Thure von Uexküll (1908–2004), the "father" of modern psychosomatic medicine, developed a diagnostic method based on semiotic and biosemiotic analyses.

Roland Barthes (1915–1980) was a French literary theorist and semiotician. He often would critique pieces of cultural material to expose how bourgeois society used them to impose its values upon others. For instance, the portrayal of wine drinking in French society as a robust and healthy habit would be a bourgeois ideal perception contradicted by certain realities (i.e. that wine can be unhealthy and inebriating). He found semiotics useful in conducting these critiques. Barthes explained that these bourgeois cultural myths were second-order signs, or connotations. A picture of a full, dark bottle is a sign, a signifier relating to a signified: a fermented, alcoholic beverage—wine. However, the bourgeois take this signified and apply their own emphasis to it, making "wine" a new signifier, this time relating to a new signified: the idea of healthy, robust, relaxing wine. Motivations for such manipulations vary from a desire to sell products to a simple desire to maintain the status quo. These insights brought Barthes very much in line with similar Marxist theory.

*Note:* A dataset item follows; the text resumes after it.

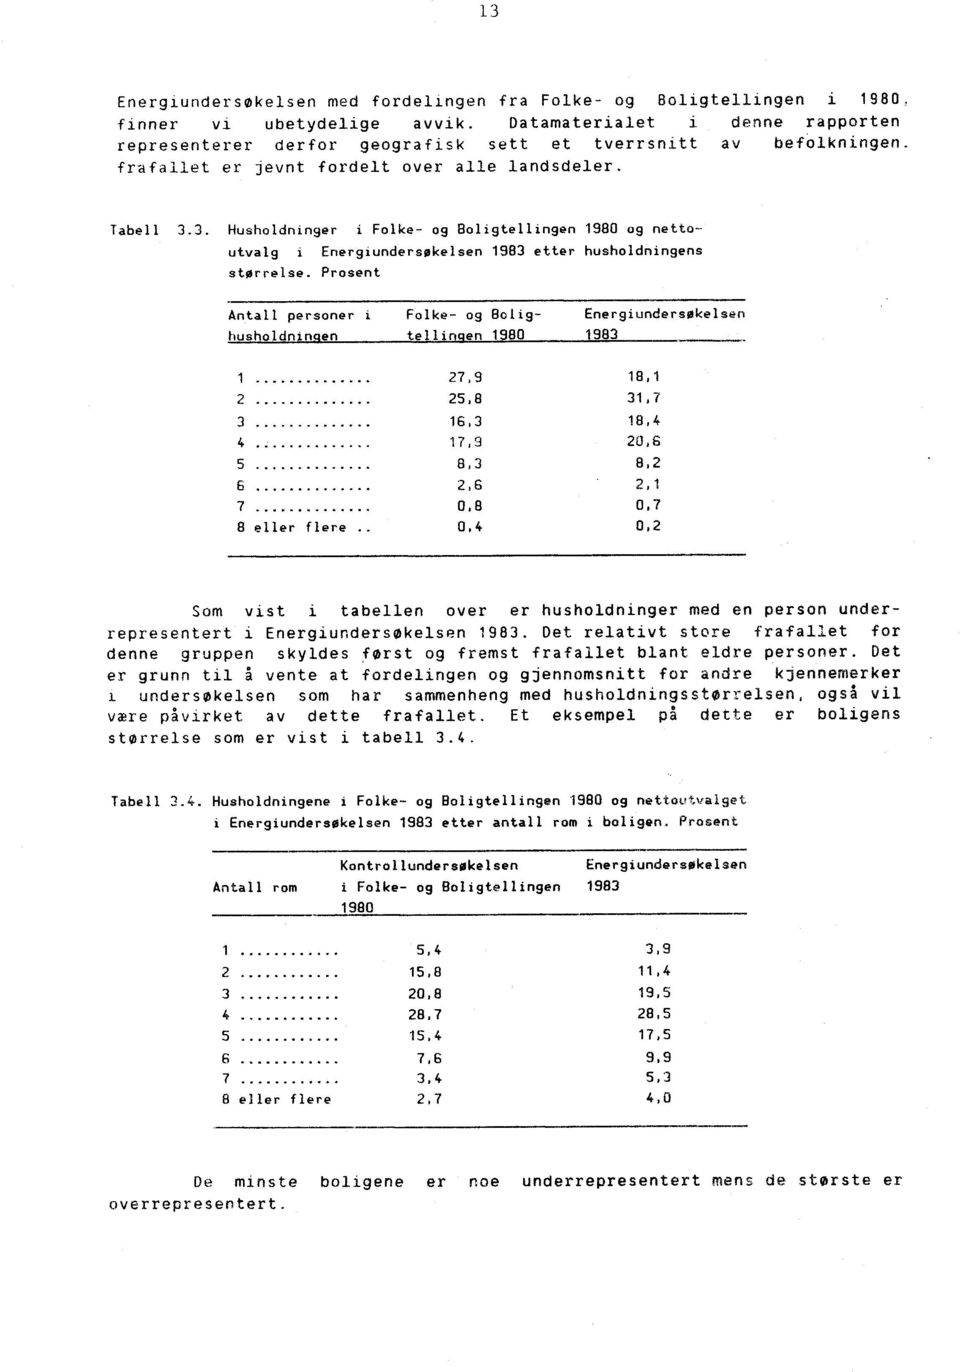 3. Husholdninger i Folke- og Boligtellingen 1980 og nettoutvalg i Energiundersøkelsen 1983 etter husholdningens størrelse.

Algirdas Julien Greimas (1917–1992) developed a structural version of semiotics named, "generative semiotics", trying to shift the focus of discipline from signs to systems of signification. His theories develop the ideas of Saussure, Hjelmslev, Claude Lévi-Strauss, and Maurice Merleau-Ponty.

Thomas A. Sebeok (1920–2001), a student of Charles W. Morris, was a prolific and wide-ranging American semiotician. Although he insisted that animals are not capable of language, he expanded the purview of semiotics to include non-human signaling and communication systems, thus raising some of the issues addressed by philosophy of mind and coining the term zoosemiotics. Sebeok insisted that all communication was made possible by the relationship between an organism and the environment in which it lives. He also posed the equation between semiosis (the activity of interpreting signs) and life—a view that the Copenhagen-Tartu biosemiotic school has further developed.

Juri Lotman (1922–1993) was the founding member of the Tartu (or Tartu-Moscow) Semiotic School. He developed a semiotic approach to the study of culture—semiotics of culture—and established a communication model for the study of text semiotics. He also introduced the concept of the semiosphere. Among his Moscow colleagues were Vladimir Toporov, Vyacheslav Ivanov and Boris Uspensky.

Christian Metz (1931–1993) pioneered the application of Saussurean semiotics to film theory, applying syntagmatic analysis to scenes of films and grounding film semiotics in greater context.

Eliseo Verón (1935–2014) developed his "Social Discourse Theory" inspired in the Peircian conception of "Semiosis."

Groupe μ (founded 1967) developed a structural version of rhetorics, and the visual semiotics.

Umberto Eco (1932–2016) was an Italian novelist, semiotician and academic. He made a wider audience aware of semiotics by various publications, most notably A Theory of Semiotics and his novel, The Name of the Rose, which includes (second to its plot) applied semiotic operations. His most important contributions to the field bear on interpretation, encyclopedia, and model reader. He also criticized in several works (A theory of semiotics, La struttura assente, Le signe, La production de signes) the "iconism" or "iconic signs" (taken from Peirce's most famous triadic relation, based on indexes, icons, and symbols), to which he proposed four modes of sign production: recognition, ostension, replica, and invention.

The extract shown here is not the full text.